If your DNA is built out of atoms the size of rasins, you might have something to worry about. The diameter of the DNA helix is 2 nm and the vertical rise per base pair is 0.34 nm. If you want a photon that will be able to reliably zap DNA, it needs to have a wavelength _smaller_ than 8 nm. The probability that a photon will be absorbed by a given object decreases with respect to the difference between the size of the object and the wavelength of the photon according to the standard deviation. So what's the probability that a given photon spewing out of my cell phone is going to fry some of my DNA? Well, we're a factor of five million away from the optimal wavelength. I'd say it's pretty fucking unlikely.
But wait a second - what's kind of radiation has a wavelength of 8 namometers? Well, we do the opposite to find the frequency :
3*10^8 / 8*10-9 = 3.7*10^16
That's in the ultraviolet range. Surprise, surprise!
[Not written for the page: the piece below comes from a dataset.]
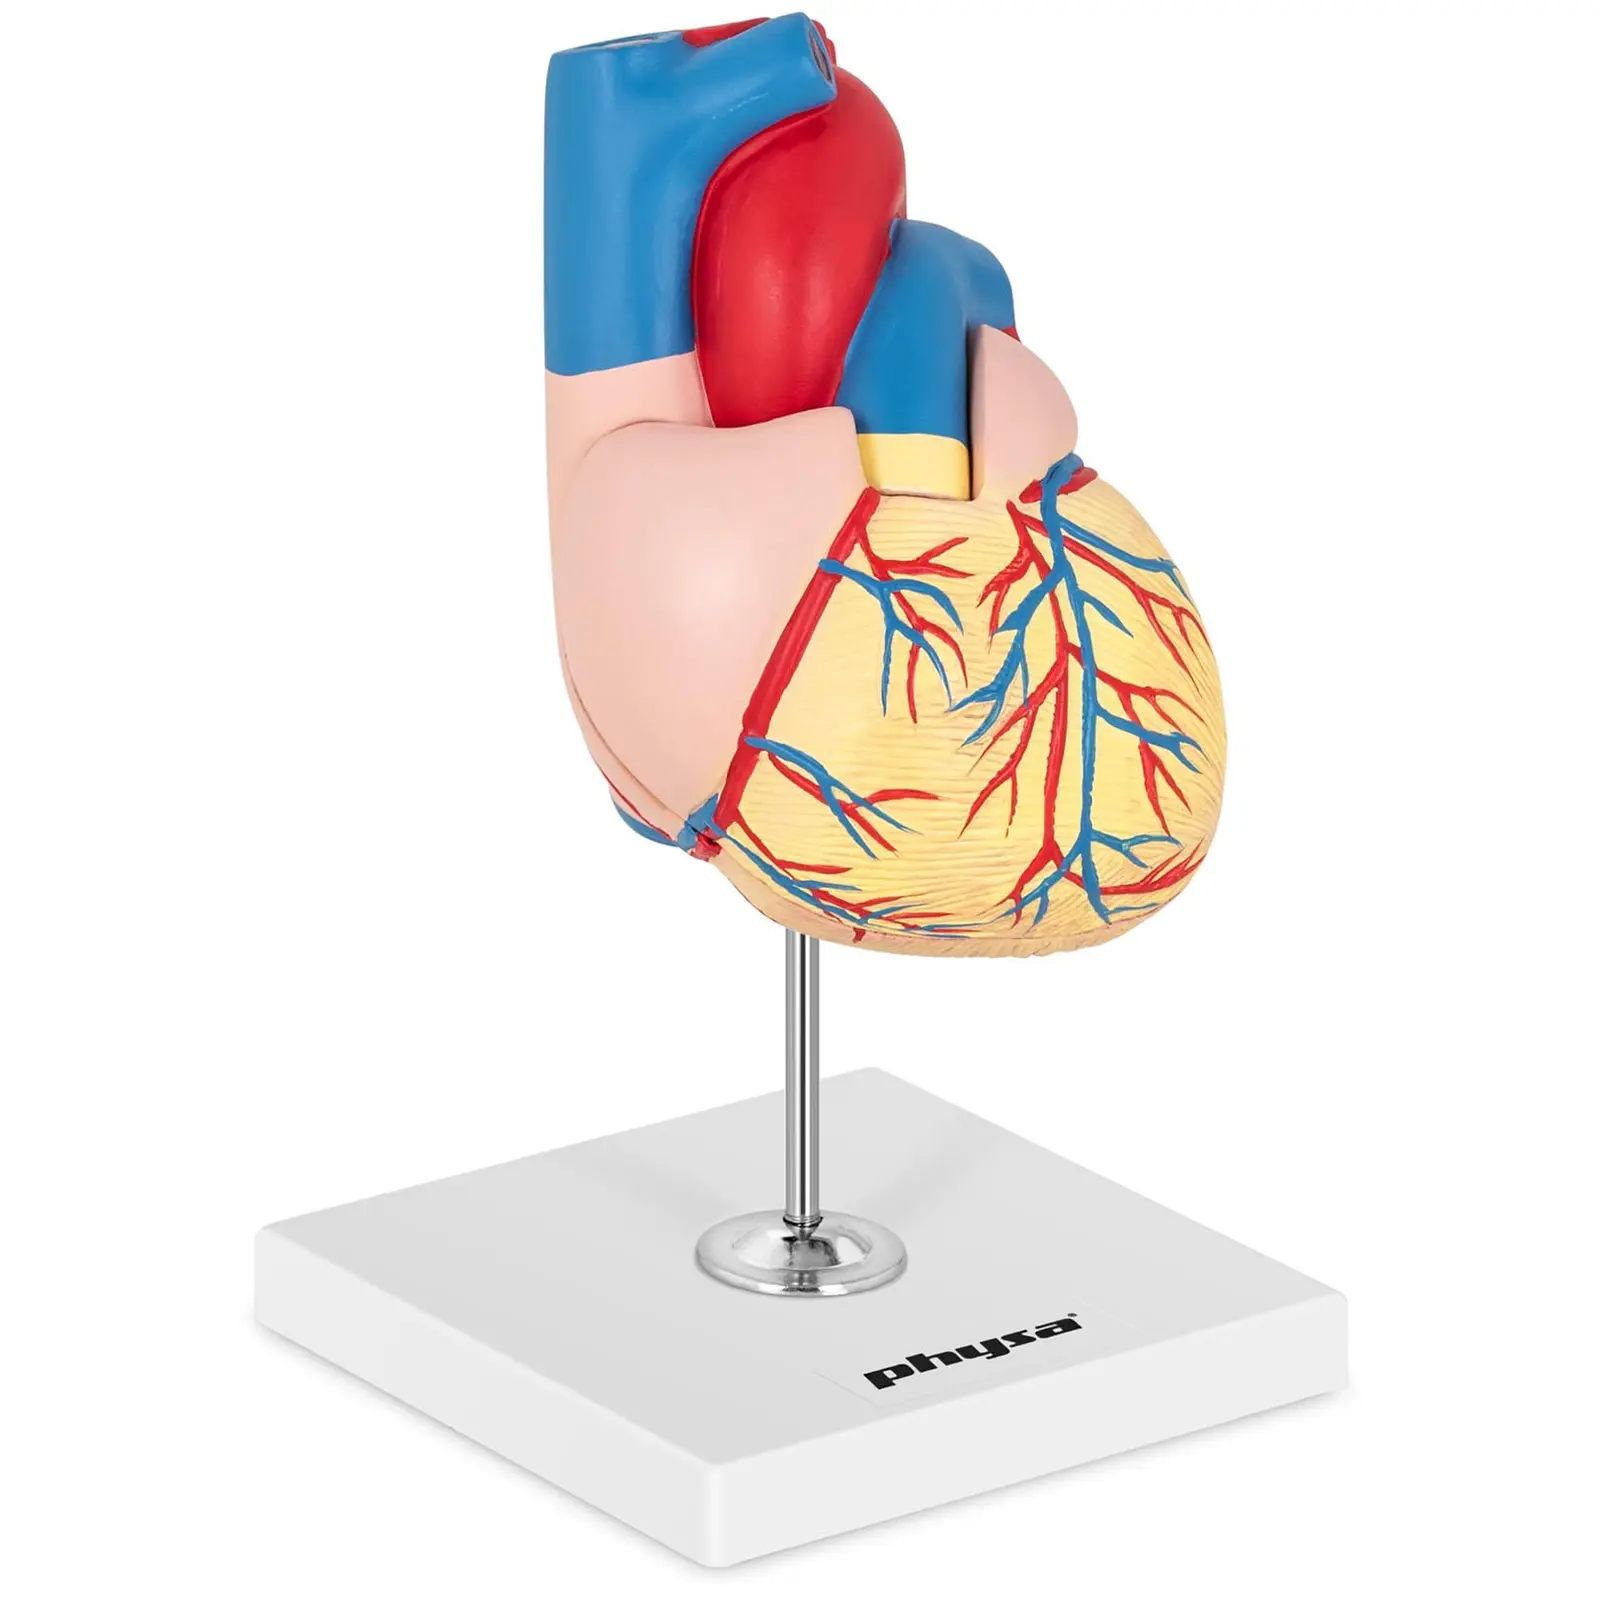 Modello cuore - Smontabile in due parti - Grandezza naturale

So, what can we conclude from this? Well, since a cell phone has a transmission power of less than a watt and a wavelength the size of your thumb, it's not going to do jack shit to your DNA. Nada. Zilch. In other words, THERE IS NO WAY CELL PHONE RADIATION CAN GIVE YOU CANCER!!! I'd be more inclined to beleive that the plastic in the earpiece causes cancer.
You're several orders of magnitude more likely to contract cancer as a result of proximity to a 100 watt incandecant light bulb. It's got a much, much higher output, and its frequency range is thousands of times higher.
So relax, enjoy your wireless technology, and wear your SPF-30.